Governance Records
CanonicalPurpose
Governance records preserve proposal context, voting outcomes, execution records, and rationale when those records come from verifiable governance sources.
Record Contents
- Proposal records
- Vote records
- Execution records
- Reason codes
- Off-chain context
- On-chain traceability where possible
Importance
Records connect governance decisions to operational execution and public accountability.
Draft Record Rules
Governance records should not be summarized as approval unless the decision source is known and reviewable. Draft notes, planning requests, and local validation reports can support context, but they do not replace governance records.
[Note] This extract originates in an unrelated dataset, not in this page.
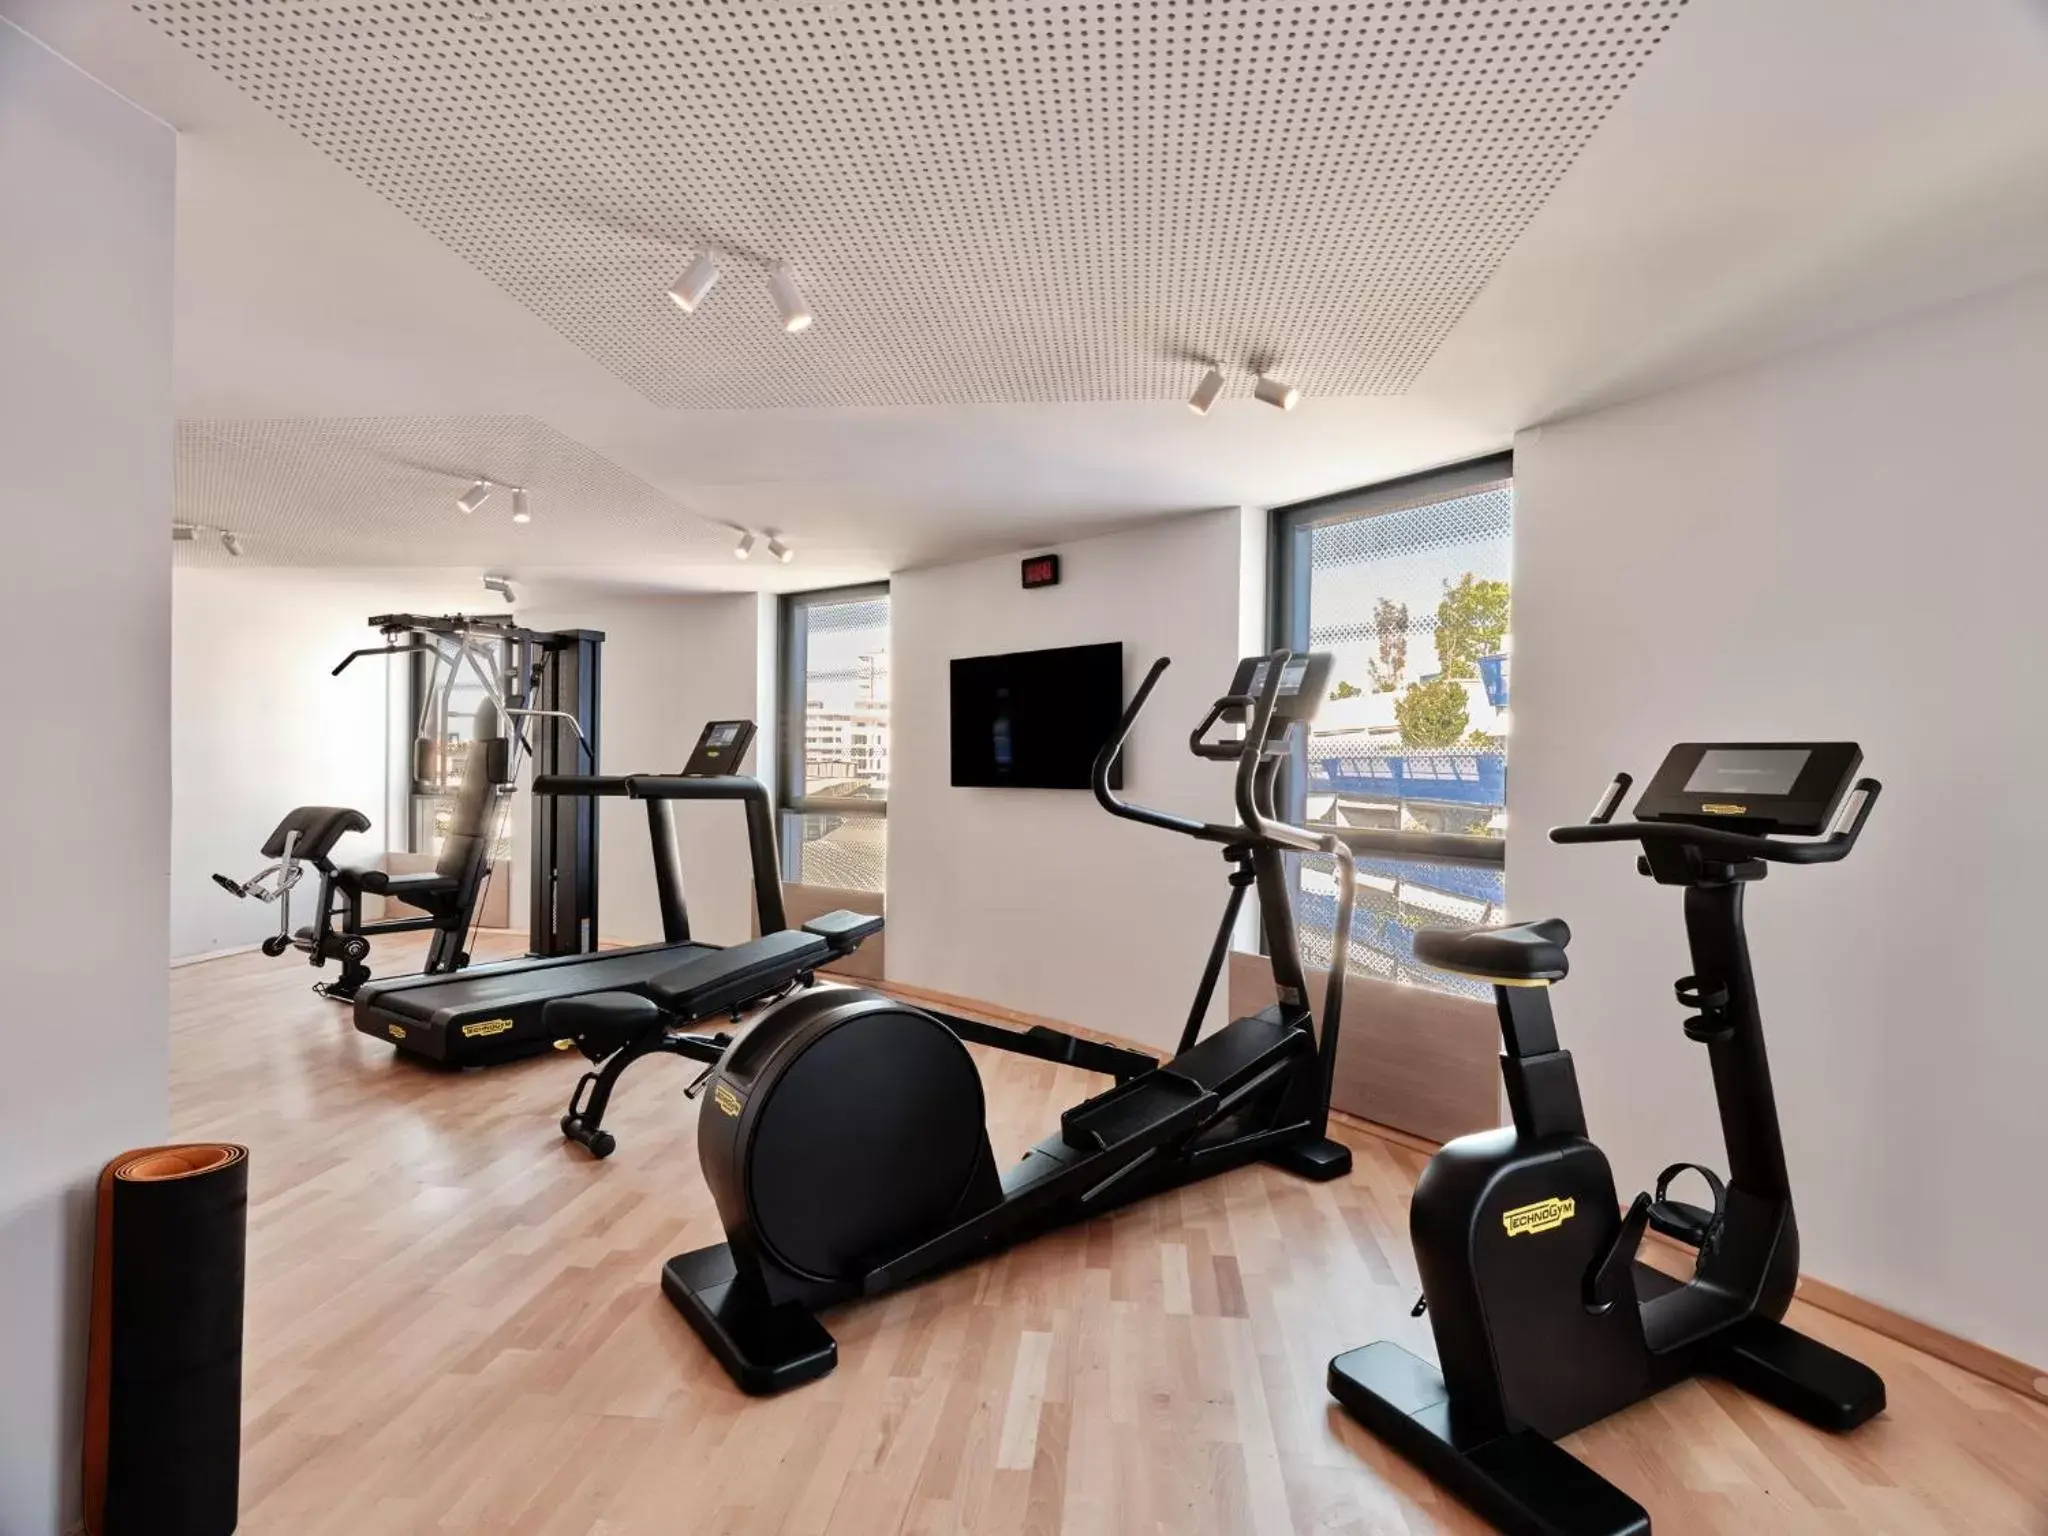 Fitness centre/facilities, Fitness Center/Facilities in Crowne Plaza - Marseille Le Dôme

Governance records should identify:
- proposal or decision identifier;
- decision body or authority;
- voting or approval result if applicable;
- scope approved;
- conditions and limitations;
- execution receipt requirement;
- supersession or rollback reference;
- publication status.
Publication Boundary
This page does not approve governance authority or execution. Public governance claims require verified records and coordinator/governance review.
Decision Record Chain
A governance record should connect a proposal to its scope, reviewer, approving authority, decision state, executor, and receipt. The minimum chain is:
proposal -> review -> decision -> authorized action -> execution receipt -> follow-up
A rejected or withdrawn proposal stops before authorization. A conditional decision records the unmet conditions. An approved decision without an authorized executor remains unexecuted. A receipt that differs from the decision requires escalation and cannot be silently treated as successful completion.
Public records may omit protected deliberation or security details, but must preserve the decision scope, authority basis, status, material conditions, and known limitations.